31 March 2009


I’ve just returned from several days out west, based in Las Vegas. It has been 35 to 40 years since I last visited, and needless to say things have changed radically. A few of the old establishments are still around, although updated, and the amount of new construction is just mindboggling. One thing that hasn’t changed is casinos filled with smoke and smokers. In the past this seemed normal as smoking was pervasive, but now it is something of an oddity, and truly awful for a non-, or ex-smoker to endure. Things have changed on the slots as well; they now use tickets instead of coins and currency, which kind of takes away the jingling sound that used to greet the occasional winner. I am one of the few visitors to Las Vegas who spent nothing gambling, having learned a hard lesson about that many years ago, and finding nothing appealing about the present setup.

There is now a monorail paralleling the strip but it is poorly conceived, running along the back end of hotels. To get to it you have to walk through casinos, then up and down stairs or broken escalators, so that you might as well have hiked to your next destination. The stops are all casinos from the north end of the strip to the south, and in the course of the ride you must endure some thoroughly inane commentary along the way. Then wherever you are, you have to walk through a casino to get back to the strip.
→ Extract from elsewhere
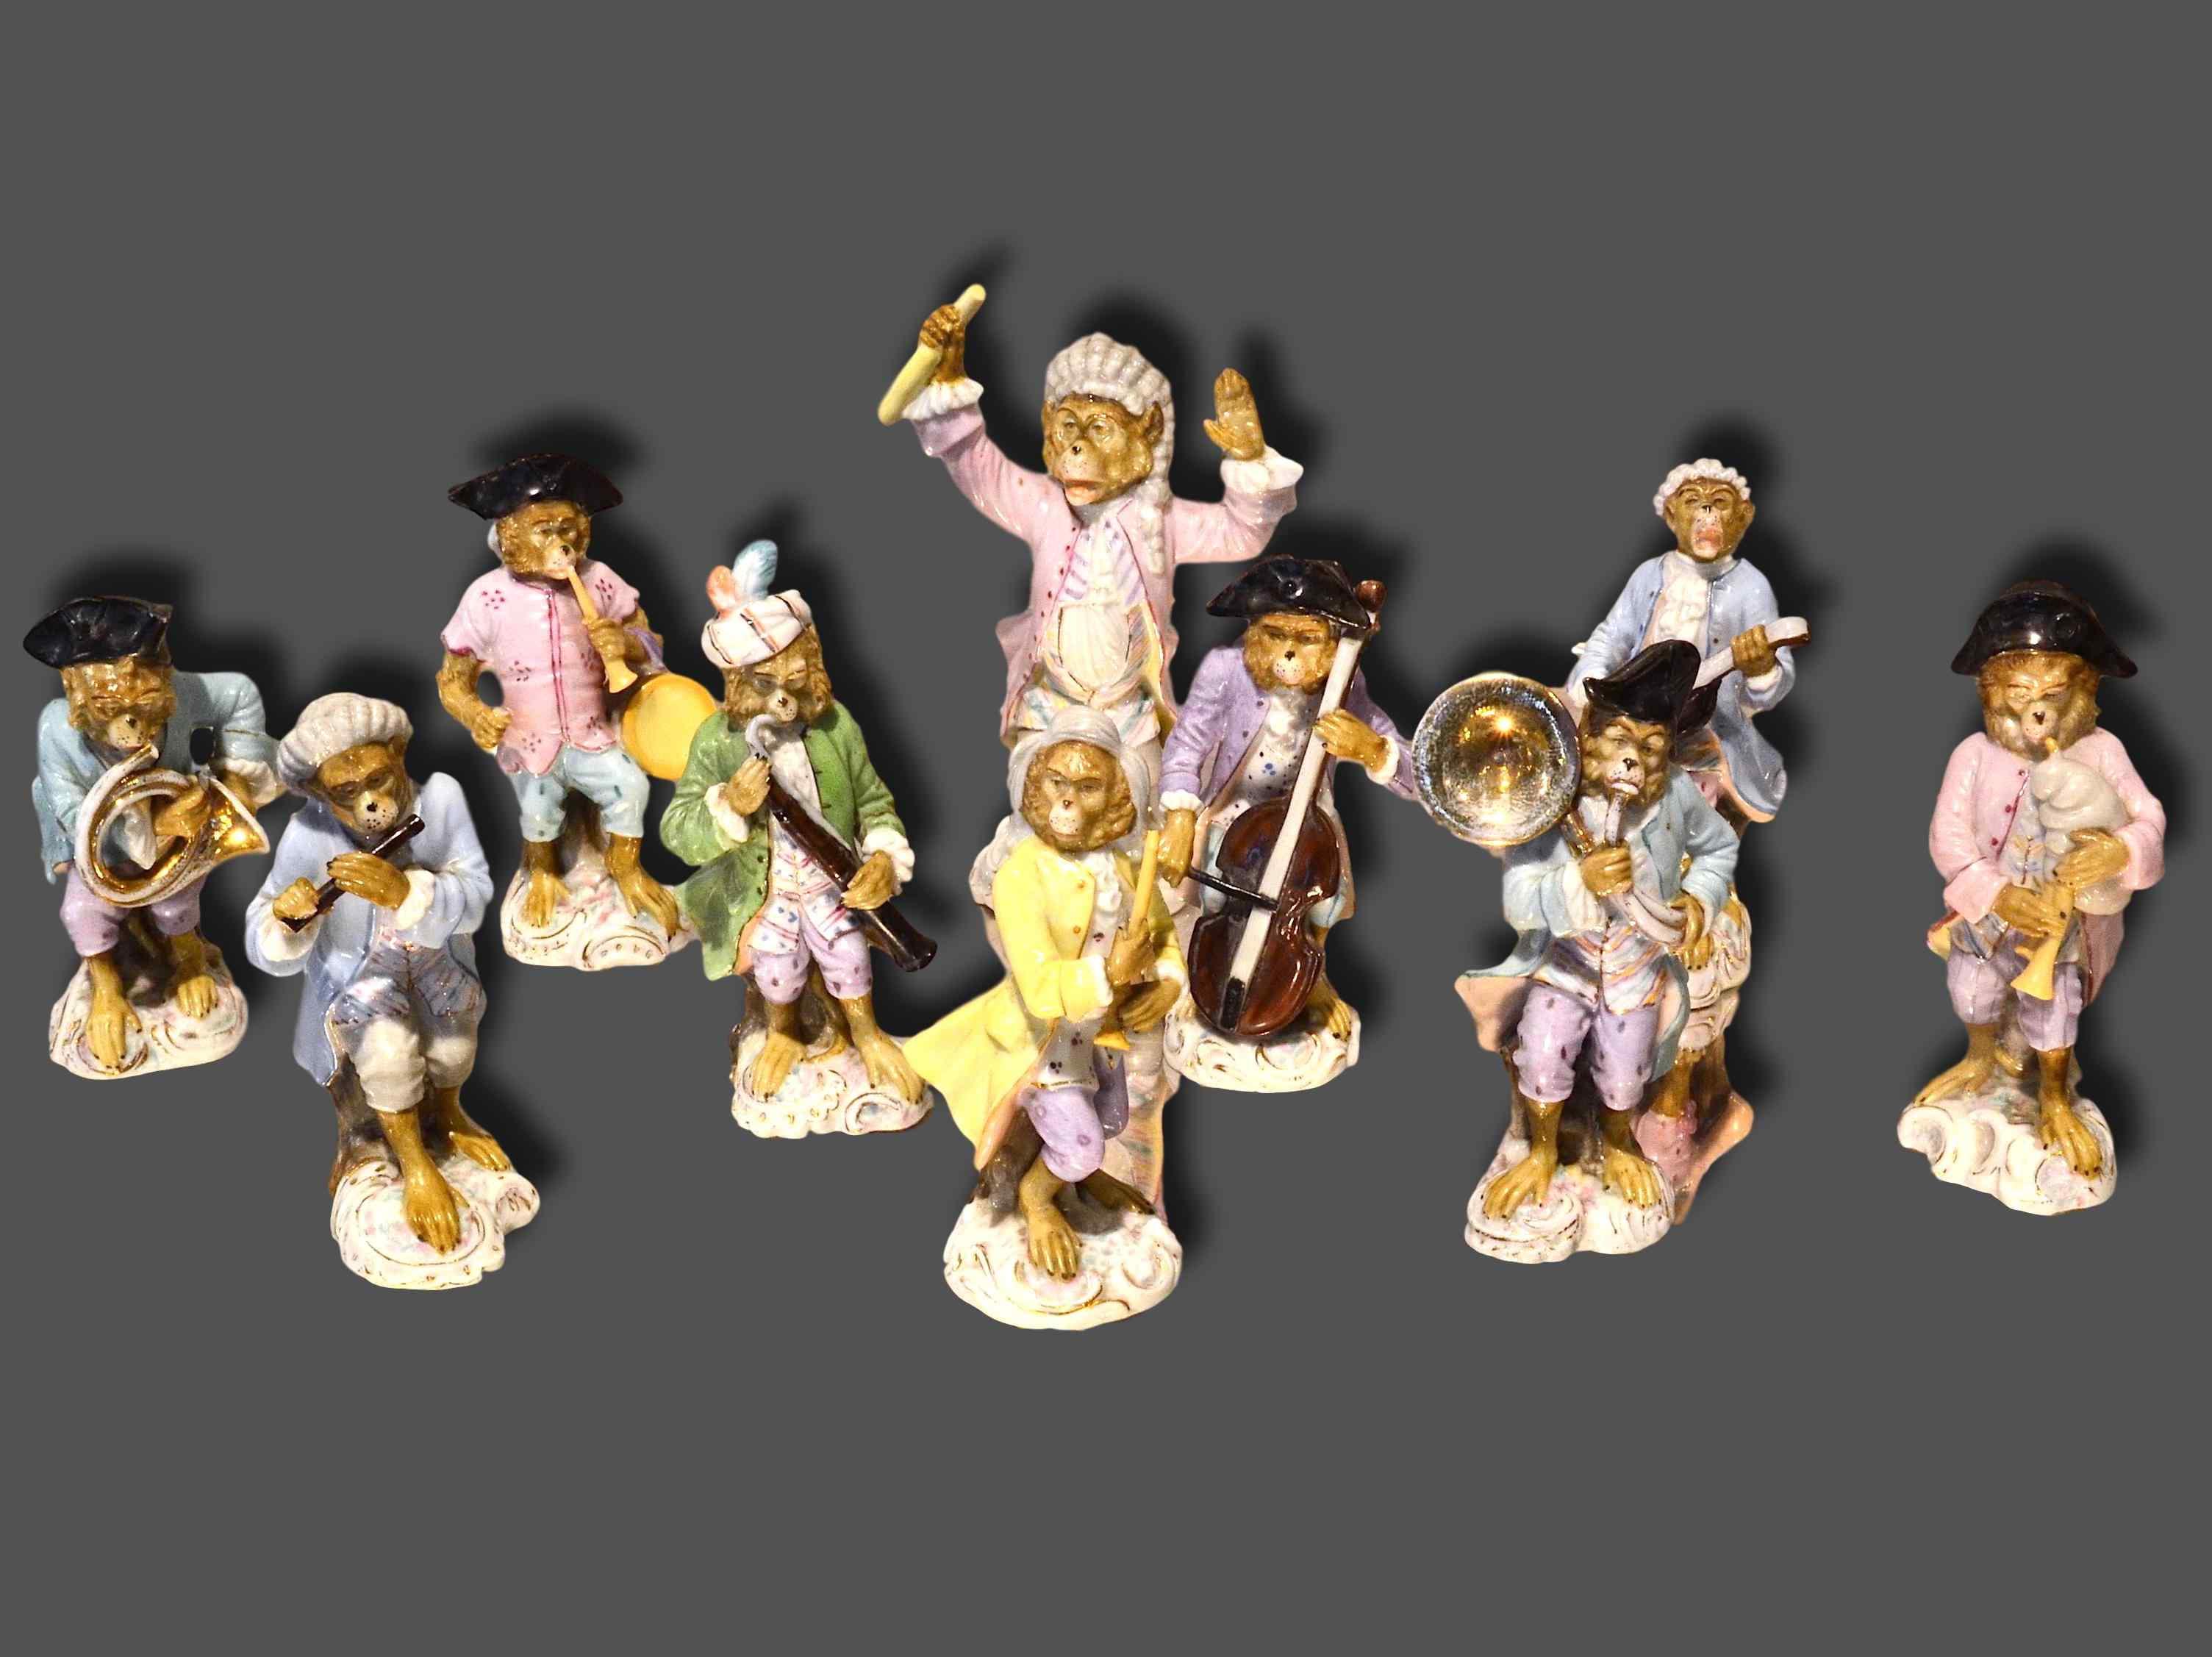 Porcelain monkey orchestra - Germany, end of '800
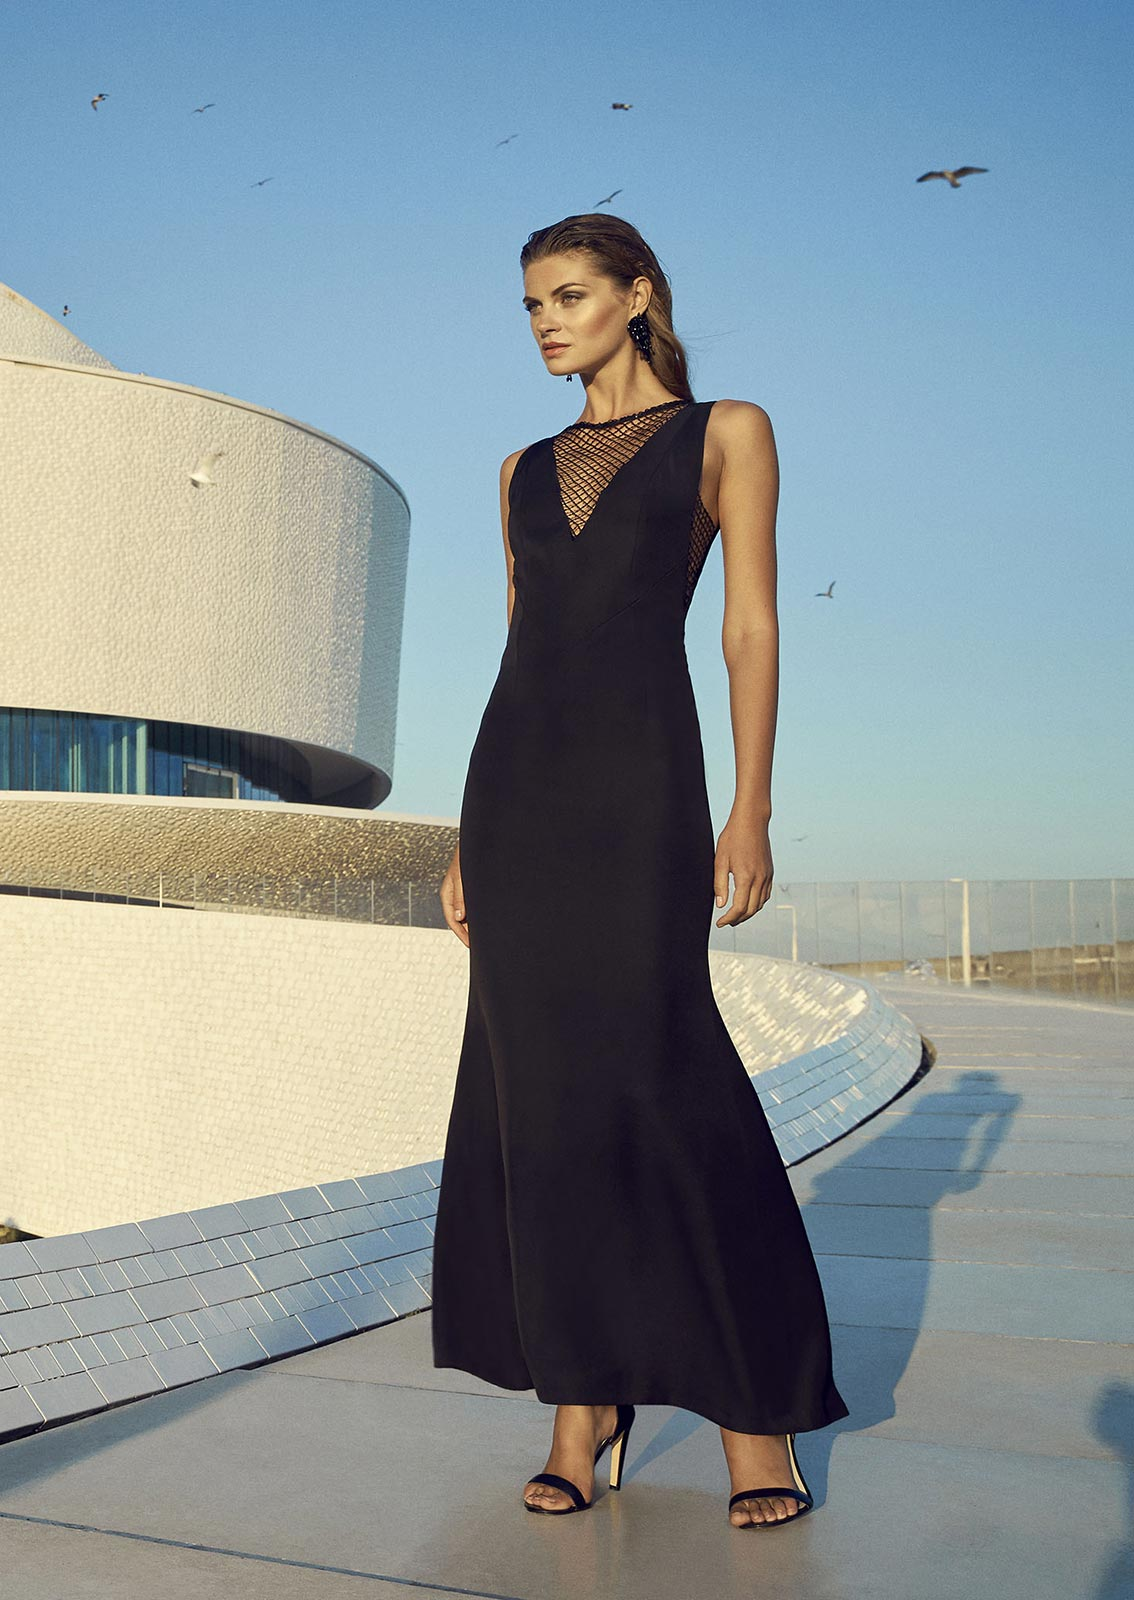 a10ab954c Vestido fiesta negro adornos paillettes

The biggest change from my standpoint is the way shows are presented. In the old days it was like a nightclub where you could sit with a drink and watch the show. Not any more. The shows are ridiculously overpriced and presented in theaters. In one instance where I had the misfortune to see the Bette Midler show, it was held in a theater with over 4,000 seats. It was sheer torture to sit through, between her occasionally singing loudly but not well, while otherwise engaging in a foul rant and badmouthing people like Rush Limbaugh and Sarah Palin, which is kind of like giving the finger to more or less half the country. To add insult to injury they insisted on confiscating all cameras, while pointlessly ignoring cell phones, which can also take pictures, and were integrated into a kind of audience participation segment, with a sissy wave moving the lighted phones back and forth. In this and all other shows the loudspeakers blast at an intolerable level, and projection screens are seriously overused in what is supposed to be a live show.

Then there are the people. As far as I could tell I was the only one wearing a jacket, and the audience was dressed in a variety of ways, like the pedestrians on the strip and in the casinos, ranging from awful to horrible. Women were dressed in flip-flops and men also dressed as though they were at a Caribbean resort, when the temperature was actually quite chilly, often walking along the street with a drink in hand and a cigarette dangling from their lips. There is something totally incongruous when you have the pretense of an upscale, elegantly appointed hotel, like the Venetian or Bellagio, and a parade of slobs constantly passing through. And that is just the white trash. There was also a large number of minorities everywhere, which helps explain how this western state could have flipped Democratic. To paraphrase the queen, for the first time in my life I’m not proud of my country. If you don’t gamble, Las Vegas is no place for anyone with any intelligence or sophistication. I hate to say it but things were a lot better when the mob was in charge.

One night we decided to check out Fremont Street in downtown Las Vegas, which is famous for its light displays and overhead projection screens. However, the moment we got there all the lights were turned off for some idiotic “earth hour,” so we had to wait around in the darkness surrounded by a milling crowd of lowlifes. People in that part of the country would do well to worry more about water supply than CO2. When we visited Hoover Dam the water level was down more than 40 feet, and this is the source much of the southwest depends on for water. That also includes southern California, agriculture in particular, where about half of our produce comes from nationally. While spending all this stimulus money on ephemeral projects, it would be worthwhile to find a way to get water from the north where the Red River is overflowing, to the south where it is needed.

After days of visiting shows, hotels, and nearby attractions we headed on a couple of long range trips to national parks in Utah, including Zion, and Bryce where we stayed overnight, and where it was actually snowing. Then we headed in the opposite direction in both temperature and distance to Death Valley in California. For that sort of thing Las Vegas is an ideal jumping off point for side trips. But personally I prefer natural monuments to man’s monumental excess.